WHAT YOU ARE ASKED TO DO » Among the entries below, only the lines from the one with "Pet Mahjongg Game Welcome Screen Screenshot." through the one with "LCK Awards-ը կիբերսպորտային" are wanted, reproduced exactly. Pictures are not wanted.
:: DATA FOR THIS EXERCISE ::
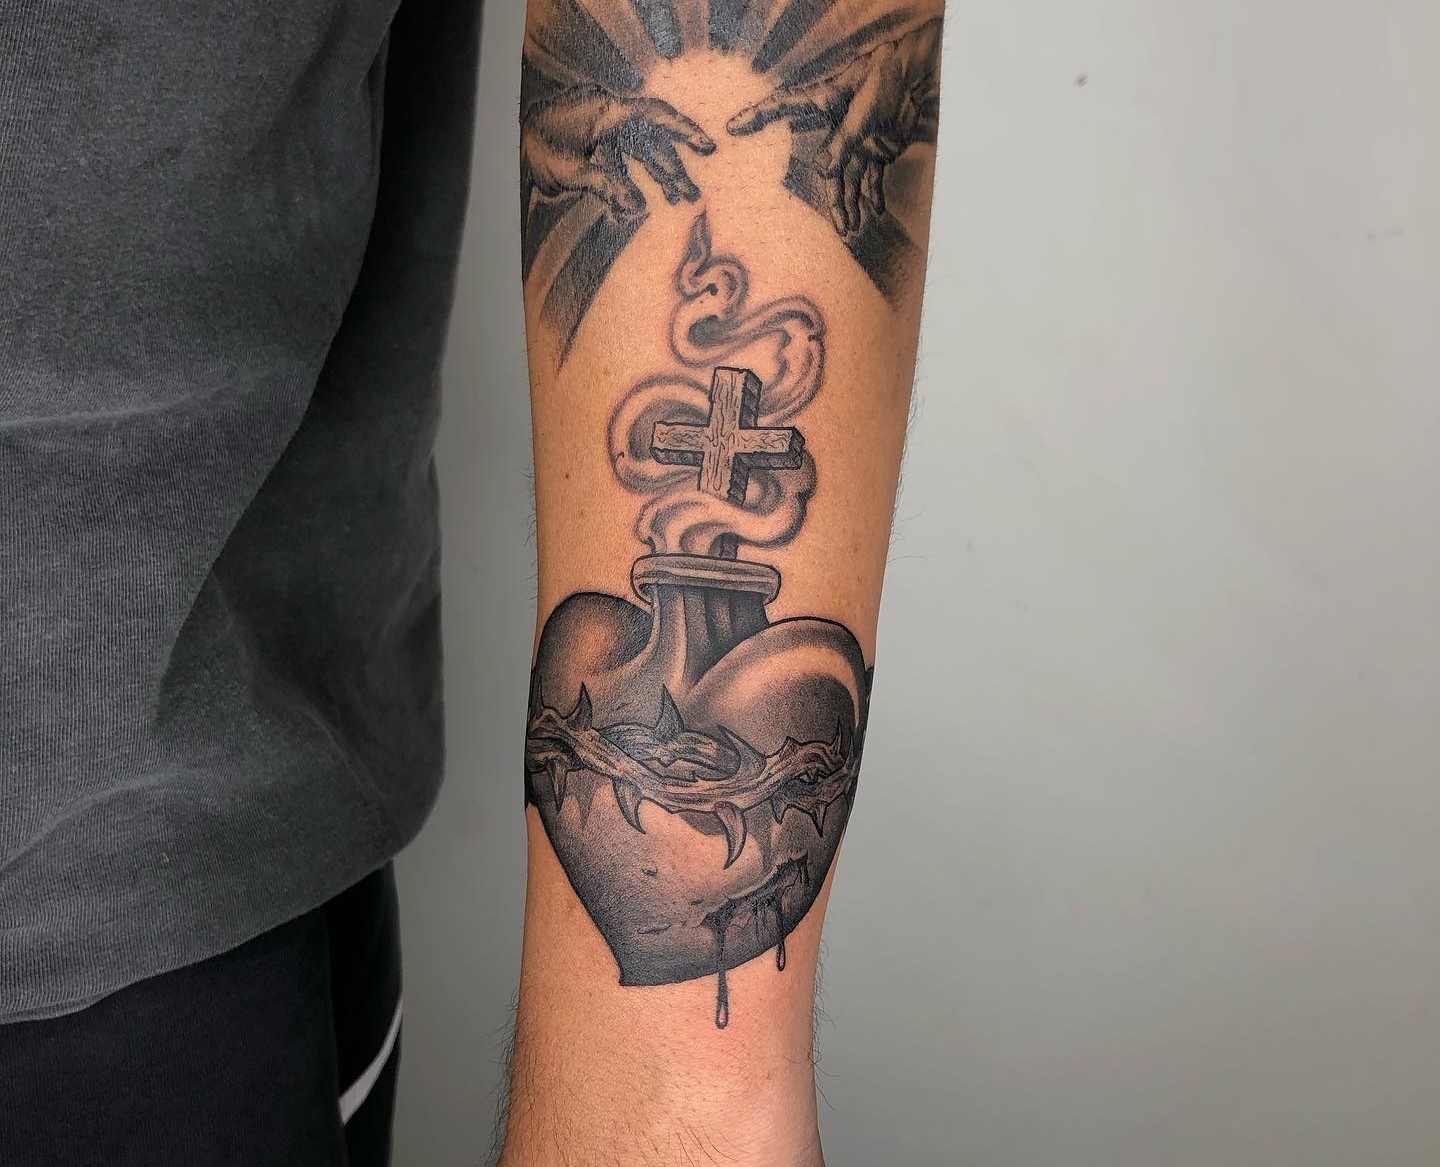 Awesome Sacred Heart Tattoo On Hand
:::
:: DATA FOR THIS EXERCISE ::
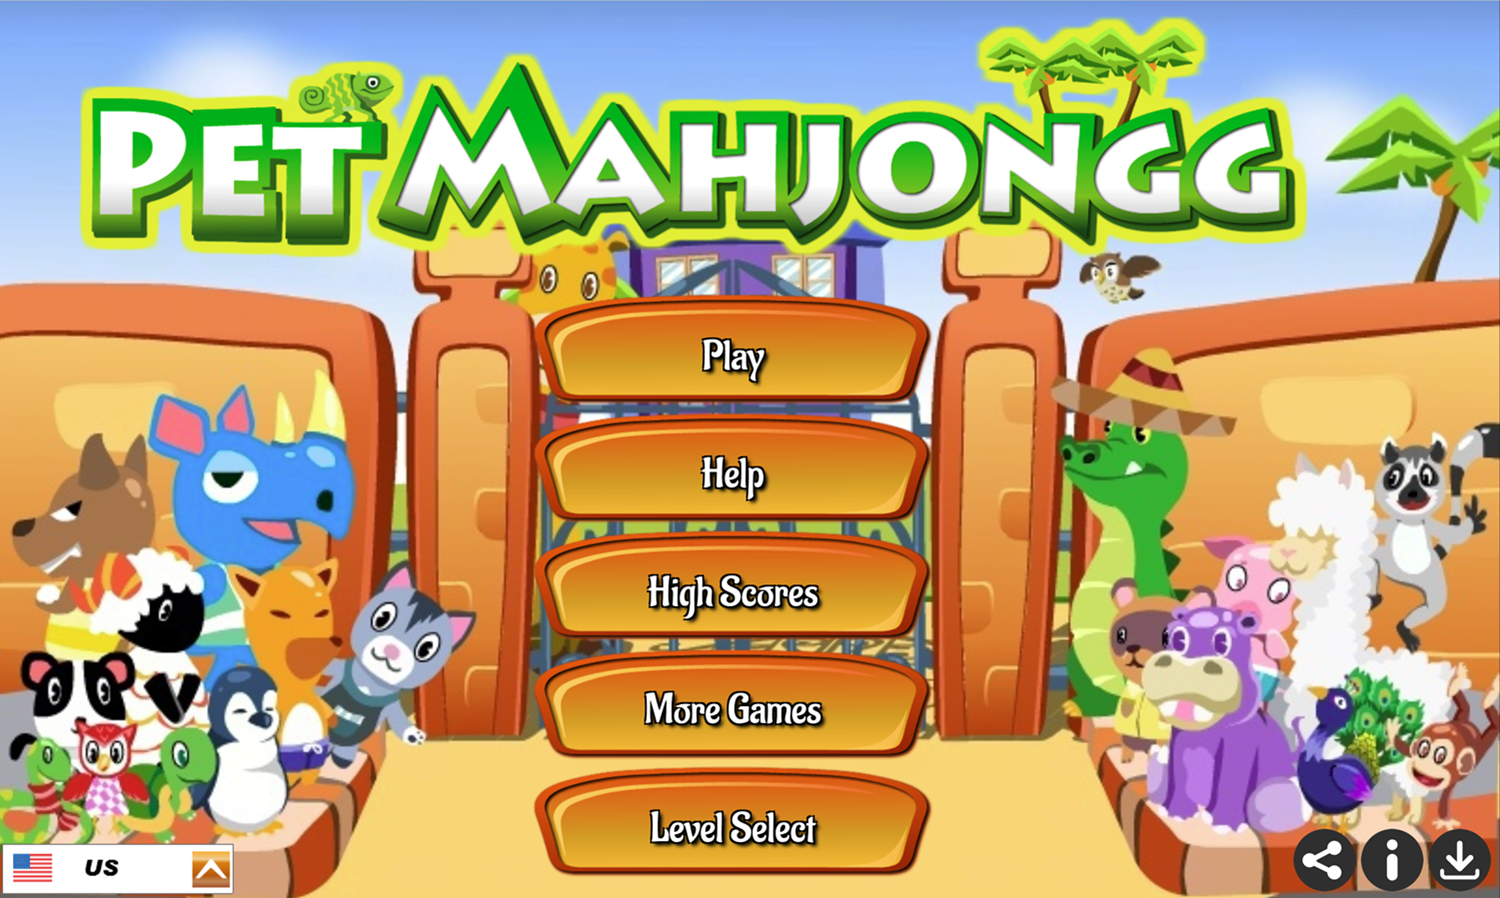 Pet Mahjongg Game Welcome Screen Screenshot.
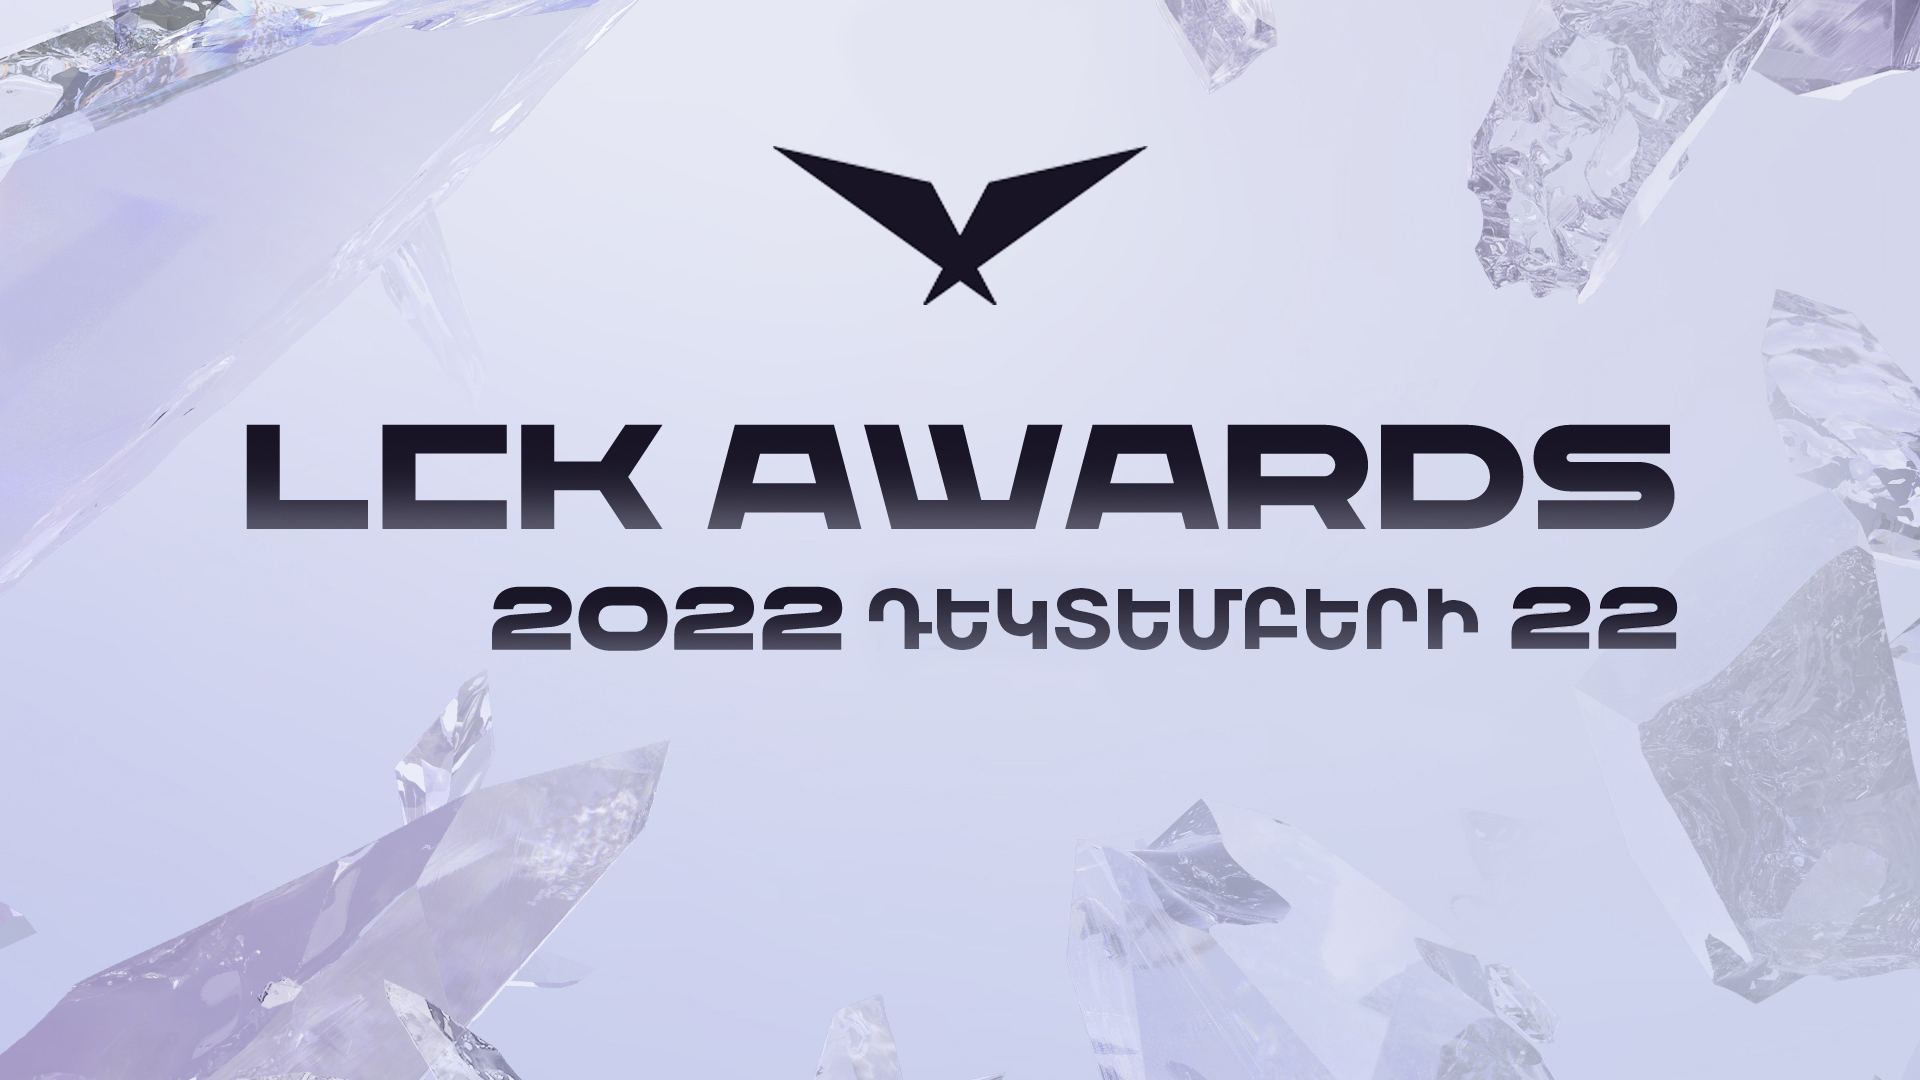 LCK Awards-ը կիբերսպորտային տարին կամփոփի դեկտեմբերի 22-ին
:::
:: DATA FOR THIS EXERCISE ::
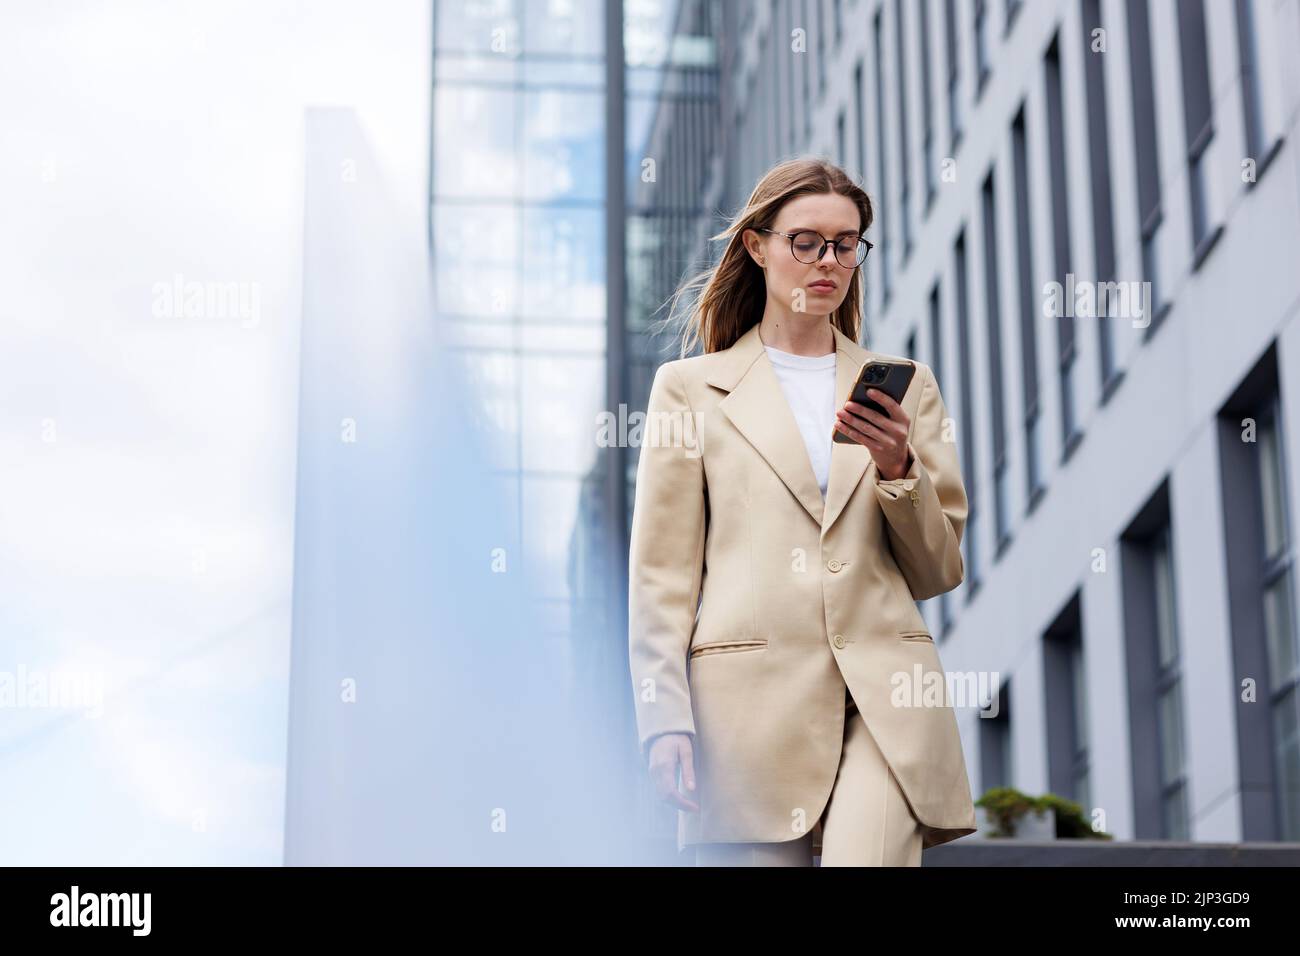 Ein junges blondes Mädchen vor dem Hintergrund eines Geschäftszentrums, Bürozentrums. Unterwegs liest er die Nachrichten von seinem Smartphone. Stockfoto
:::
REPLY TO THE EXERCISE »
 Pet Mahjongg Game Welcome Screen Screenshot.
 LCK Awards-ը կիբերսպորտային տարին կամփոփի դեկտեմբերի 22-ին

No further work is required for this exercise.